A new study claims to have found evidence of what has long been something of a missing link in the quest for school improvement: ties between state policies on teacher quality and statewide student performance.
Carried out by Linda Darling-Hammond, an education professor at Stanford University, the analysis shows that a state’s percentage of qualified teachers is one of the strongest predictors of its students’ improvement on the National Assessment of Educational Progress. A paper based on the study is in this month’s Education Policy Analysis Archives, an online journal based at Arizona State University’s college of education.
Follow-Up |
“Teacher Quality and Student Achievement: A Review of State Policy Evidence” can be found at epaa.asu.edu/epaa/v8n1/. A summary is available for free by calling the Center for the Study of Teaching and Policy at (206) 221-4114. |
“There does seem to be some interesting connections between the qualifications of teachers and the level of student achievement in states and between what states do as policy entities and their overall quality of teachers,” said Michael S. Knapp, a professor of education and the director of the Center for the Study of Teaching and Policy at the University of Washington. “If those two links are the case, that’s news.”
Mr. Knapp’s center was a sponsor of the study.
Looking for Linkages
In recent years, quantitative studies have begun to confirm the common-sense notion that teacher quality is an important factor in determining a child’s academic success. In particular, much attention has been paid to the work of the University of Tennesee’s William L. Sanders, who has studied the “value added” effects of schools and teachers. (“Sanders 101,” May 5, 1999.)
But few large-scale studies have examined what characteristics make up an effective teacher, and even fewer have attempted to show which policies yield enough highly qualified teachers to make a difference in a state’s student-test results.
Using a statistical tool called regression analysis, Ms. Darling-Hammond examined federal databases of teachers’ qualifications and student performance, as well as surveys of state policies carried out by the National Commission on Teaching & America’s Future, which she directs. The aim was to discover which of several factors best predicted improvement on NAEP, the federally sponsored sampling of students in core subjects, from 1992 to 1996.
Of those examined, the best predictor was the proportion of a state’s teaching force who were well qualified, which Ms. Darling-Hammond defined as an educator possessing both a full teaching license and at least a college major in the subject taught. Those two qualifications were even more strongly related to NAEP gains than per-pupil spending, class size, and students’ socioeconomic status.
Ms. Darling-Hammond then went on to look for relationships between specific state policies and the percentage of fully qualified teachers in states. She found, for example, correlations between the level of teachers’ qualifications and the existence of a state professional-standards board to set licensure policy.
Similar links were found between teachers’ qualifications and the proportion of a state’s education schools accredited by the National Council for Accreditation of Teacher Education.
“Poverty does matter, and spending does matter, but overall what seems to have the strongest influence is the general quality of teaching in a state,” she said last week in an interview.

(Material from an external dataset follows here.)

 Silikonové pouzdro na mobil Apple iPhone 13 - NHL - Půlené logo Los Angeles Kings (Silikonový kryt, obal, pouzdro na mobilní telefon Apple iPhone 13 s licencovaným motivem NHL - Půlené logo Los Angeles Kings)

But the research has failed to convince at least some of those who have questioned the value of state licensure rules.
No ‘Slam-Dunk’
The gains made by certain states could be due to changes in graduation requirements, preschool attendance, or a host of factors that the study did not examine, said Chester E. Finn Jr., the president of the Washington-based Thomas B. Fordham Foundation. Having argued that subject-matter knowledge is far more important than knowledge of pedagogy, the foundation has been highly critical of the national commission’s suggestion that a background in both areas is necessary.
“I think this is a time for humility about what we know about teachers,” Mr. Finn said. “We ought to encourage a kind of plurality of experiments and monitor how they’re working. Nobody’s formula is a slam-dunk yet.”
Although calling Ms. Darling-Hammond’s findings “provocative,” Mr. Knapp agreed that her research does not settle the issue of which state policies produce the most effective teachers.
“The analysis is, of course, at a very aggregate and, therefore, crude level,” he said. “This is not the kind of analysis that one ever stops and says, ‘Now I know everything there is to know about these relationships.’ It’s what we’d call a very early warm-up to things we hope to do in the coming years.”